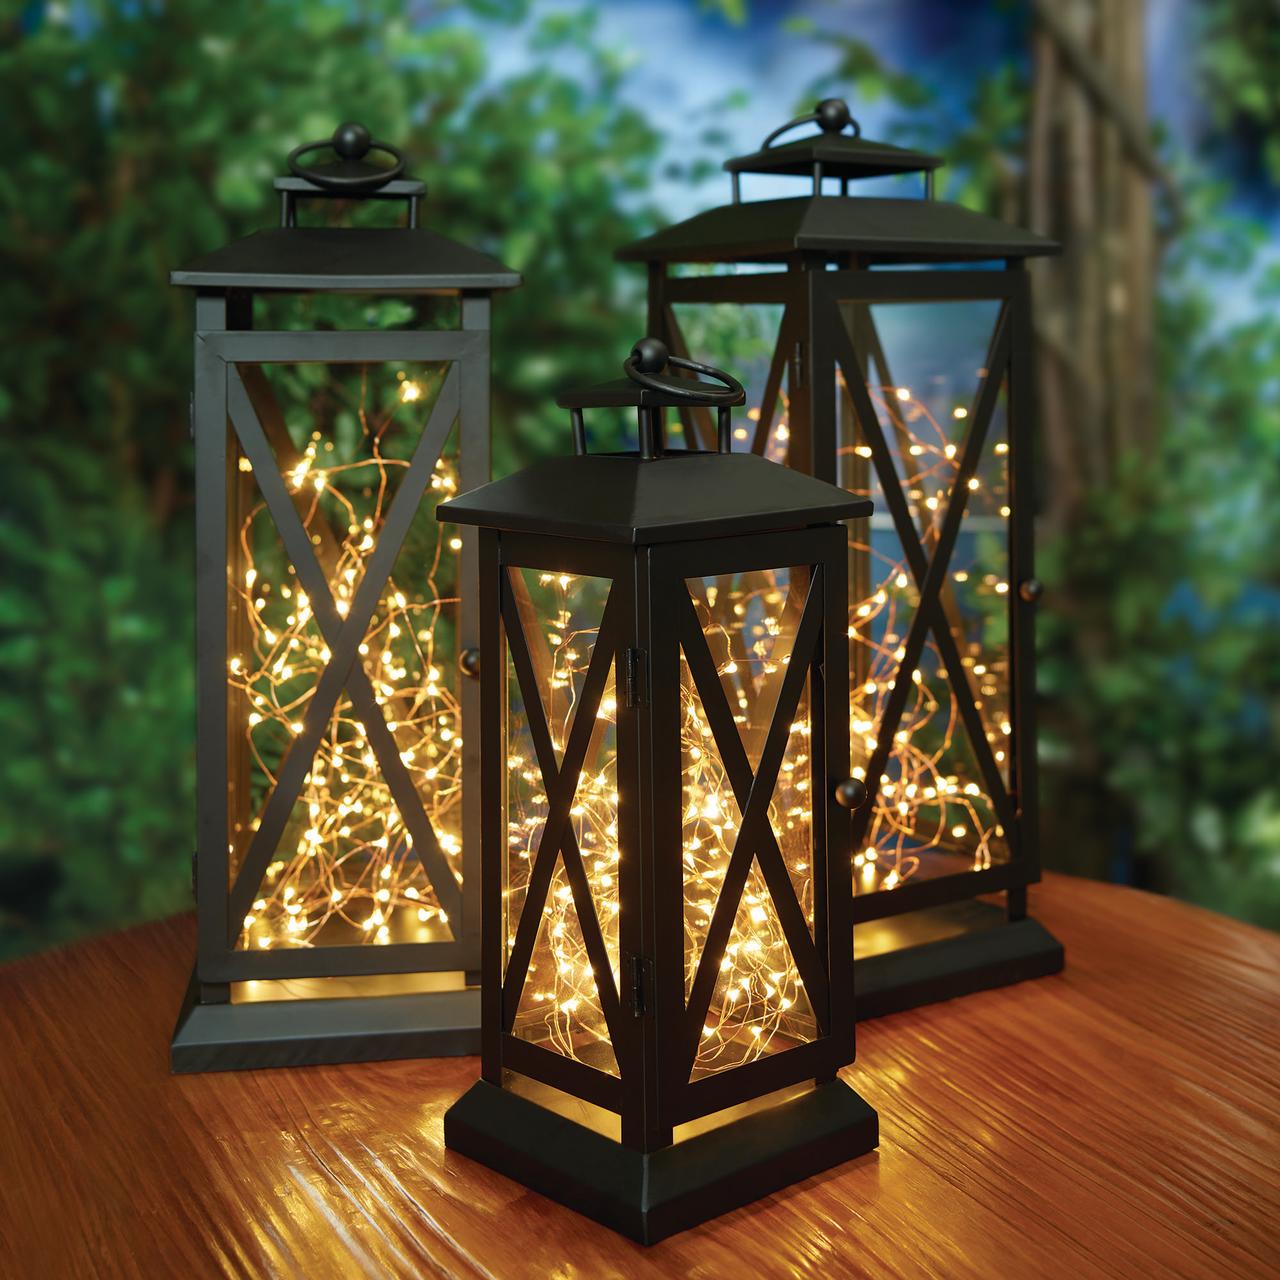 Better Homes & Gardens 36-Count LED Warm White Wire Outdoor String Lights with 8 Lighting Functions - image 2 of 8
____________
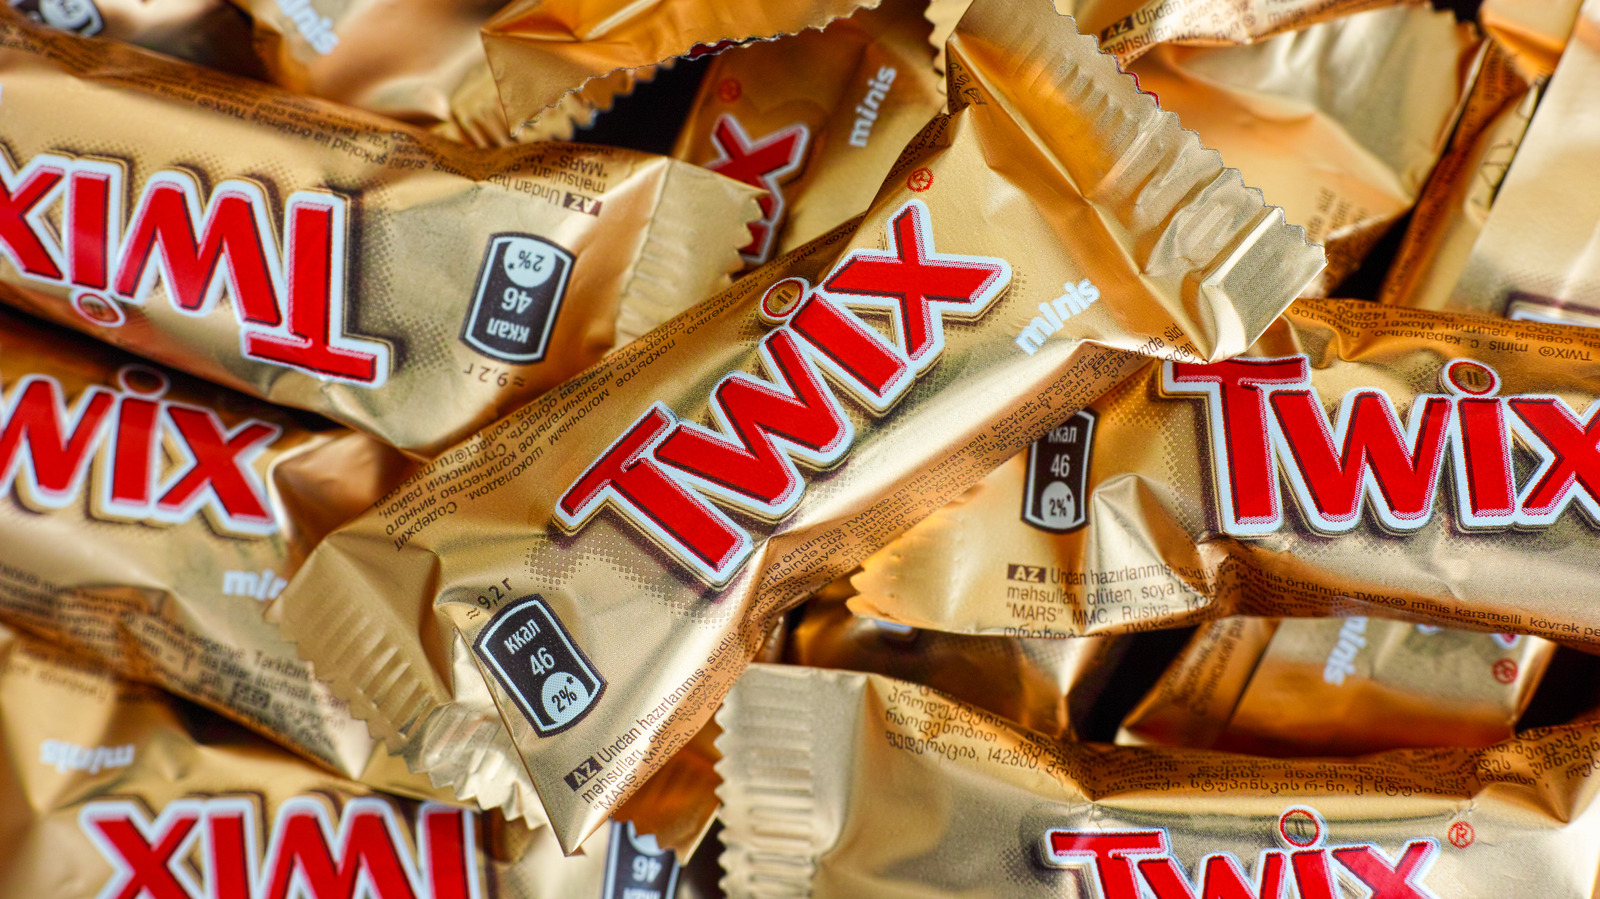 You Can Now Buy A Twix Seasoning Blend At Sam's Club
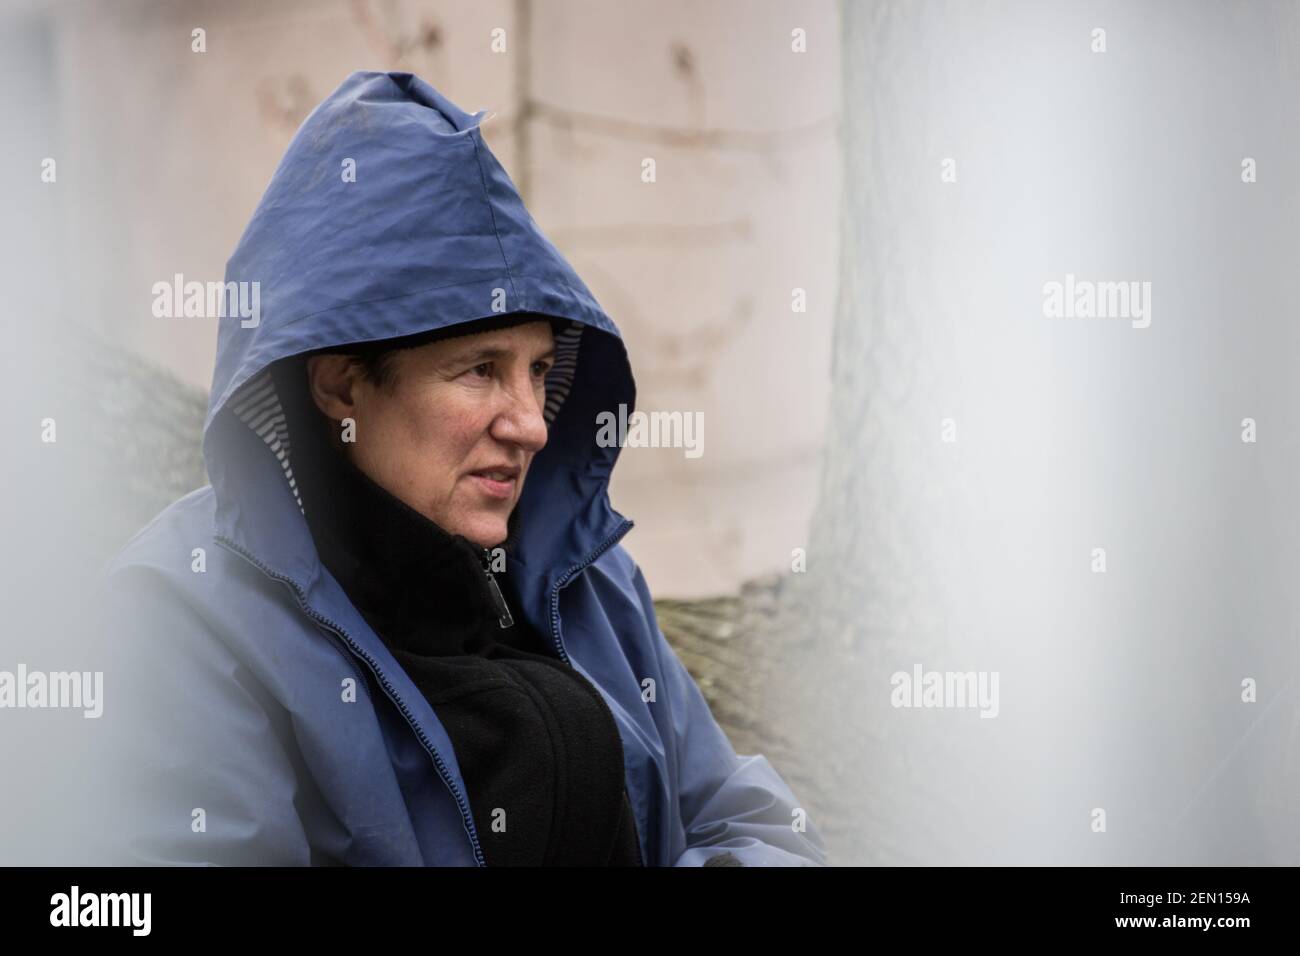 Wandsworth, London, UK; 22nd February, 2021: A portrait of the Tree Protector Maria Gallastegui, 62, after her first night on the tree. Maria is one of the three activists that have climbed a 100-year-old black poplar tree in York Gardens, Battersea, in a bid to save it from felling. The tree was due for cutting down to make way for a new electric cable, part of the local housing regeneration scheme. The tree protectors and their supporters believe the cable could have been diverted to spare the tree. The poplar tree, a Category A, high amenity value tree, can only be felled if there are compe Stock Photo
____________
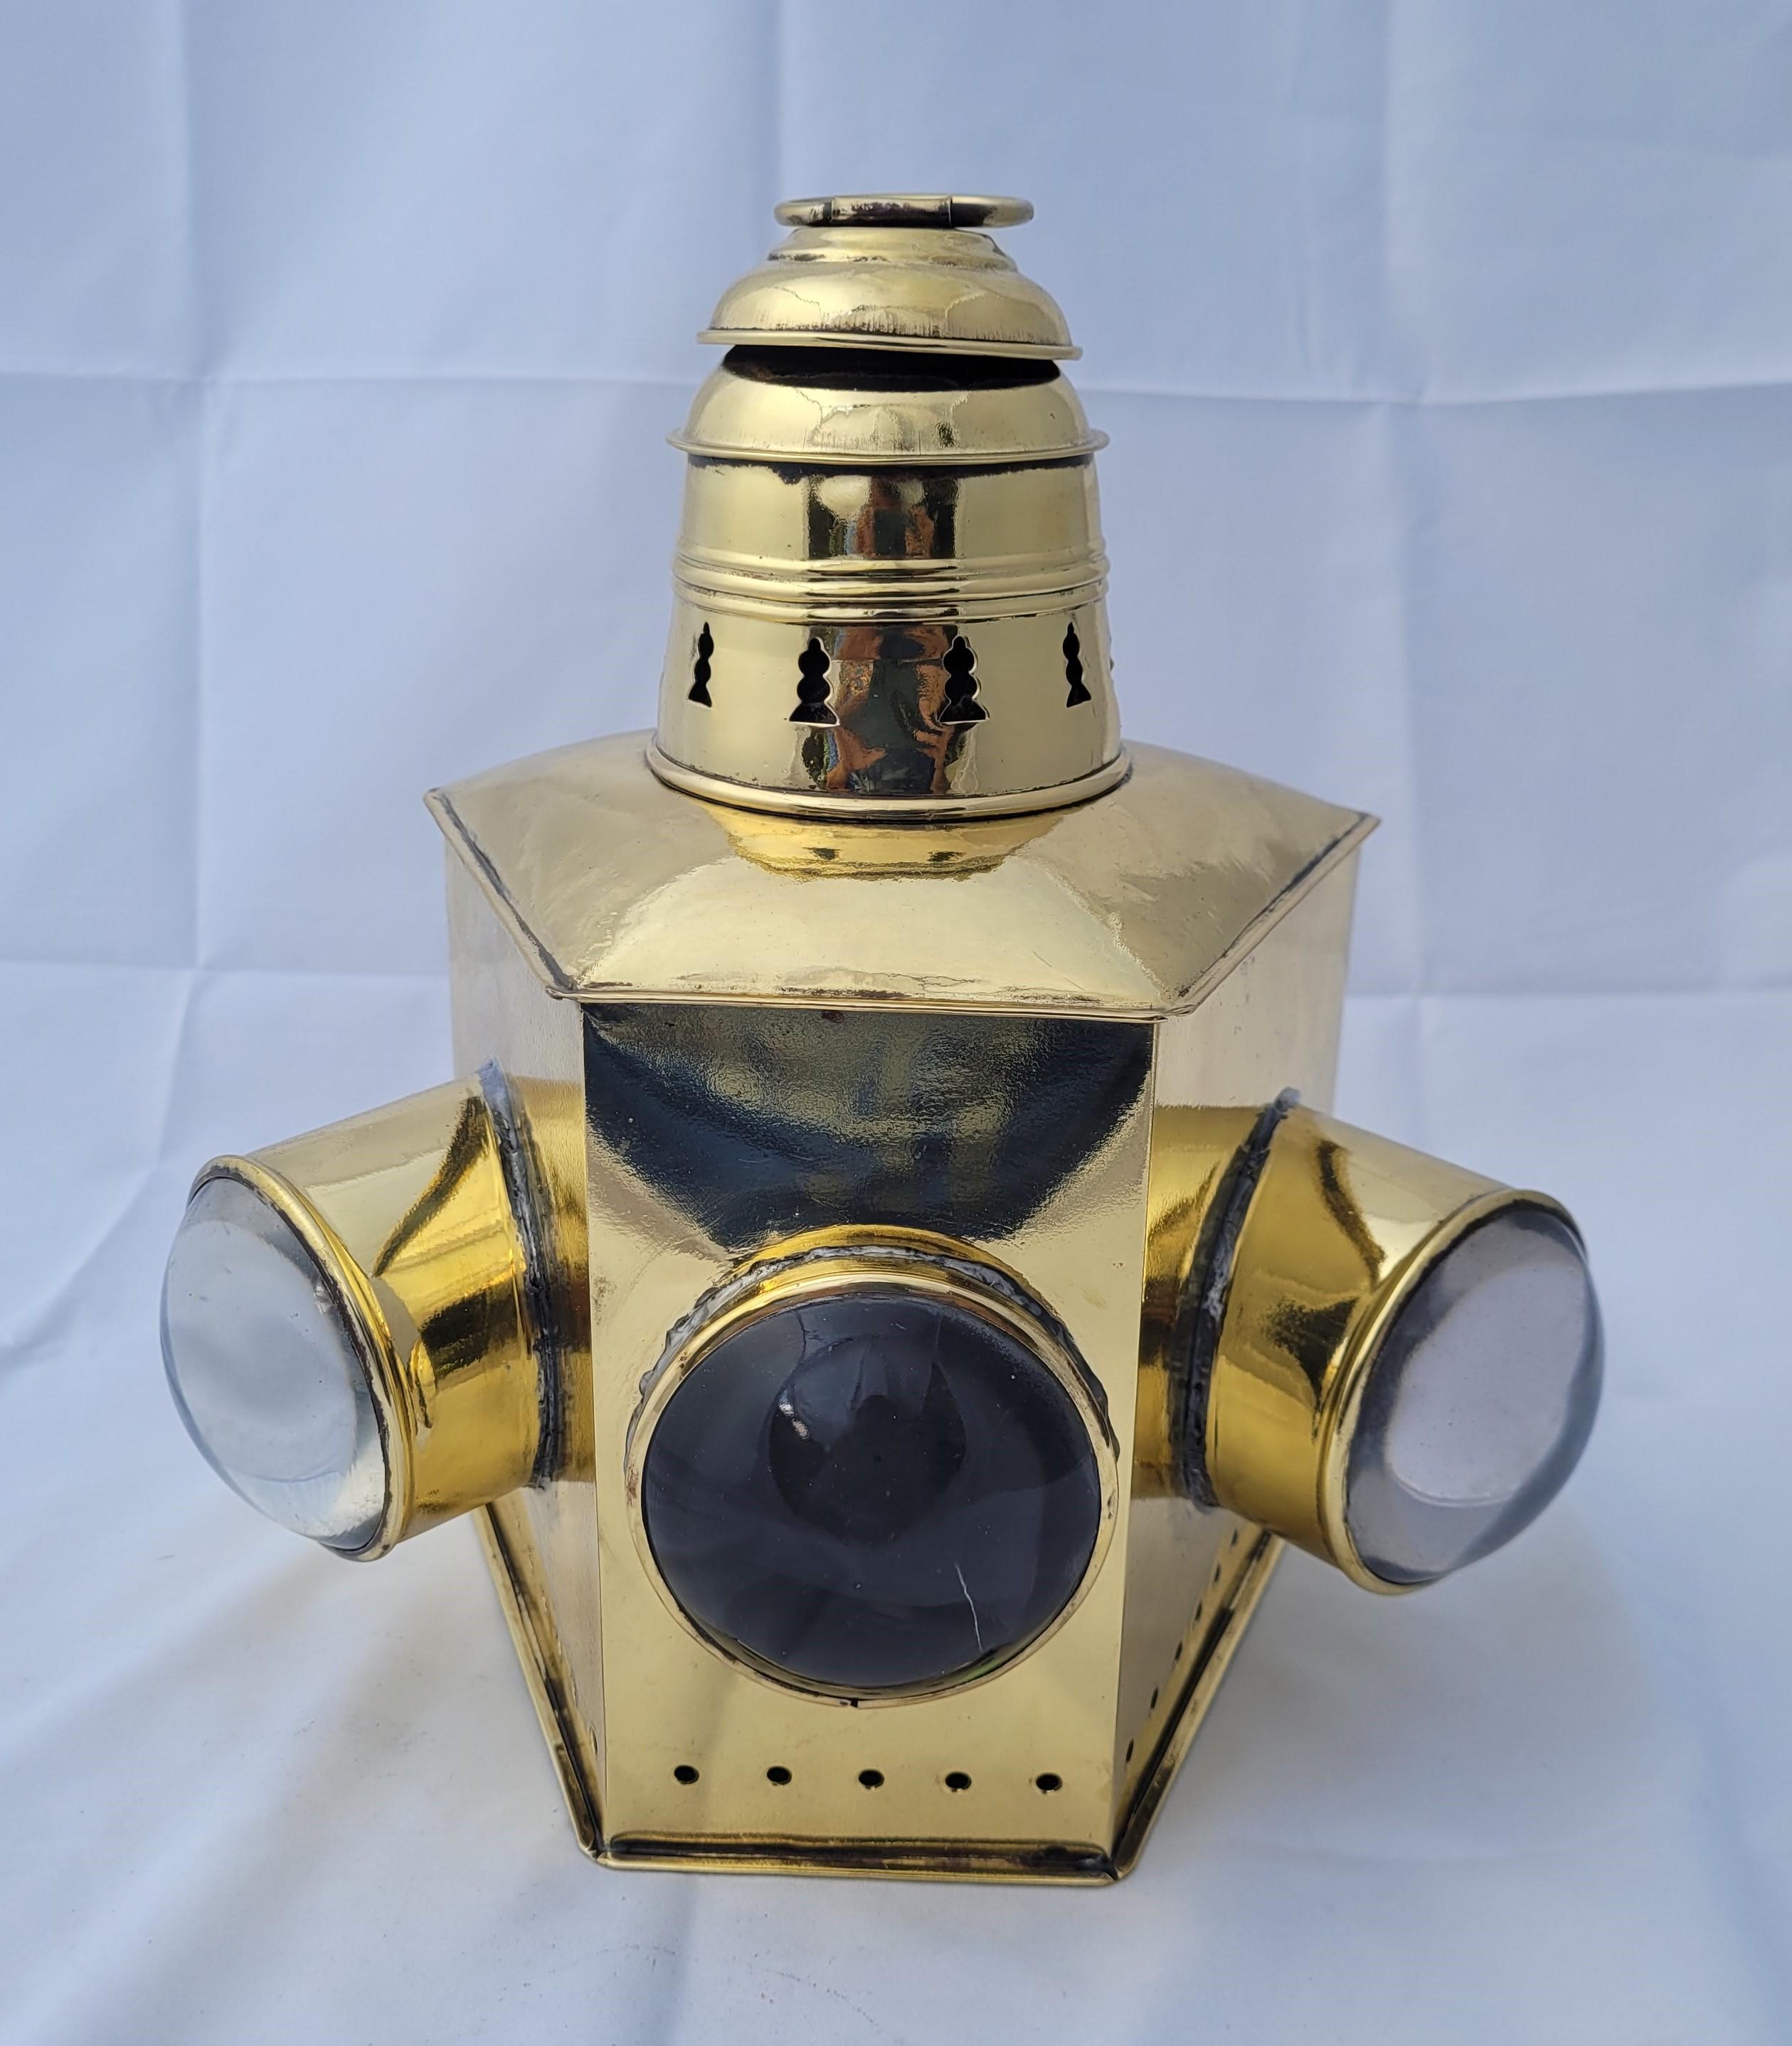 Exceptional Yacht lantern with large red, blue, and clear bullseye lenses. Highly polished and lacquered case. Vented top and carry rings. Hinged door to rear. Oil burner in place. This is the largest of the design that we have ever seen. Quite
____________
### [WORK INSTRUCTION]
Everything above from the line with "You Can Now" through the line with "Wandsworth, London, UK;" should be retyped exactly, and nothing else; omit pictures.

### [OUTPUT]
 You Can Now Buy A Twix Seasoning Blend At Sam's Club
 Wandsworth, London, UK; 22nd February, 2021: A portrait of the Tree Protector Maria Gallastegui, 62, after her first night on the tree. Maria is one of the three activists that have climbed a 100-year-old black poplar tree in York Gardens, Battersea, in a bid to save it from felling. The tree was due for cutting down to make way for a new electric cable, part of the local housing regeneration scheme. The tree protectors and their supporters believe the cable could have been diverted to spare the tree. The poplar tree, a Category A, high amenity value tree, can only be felled if there are compe Stock Photo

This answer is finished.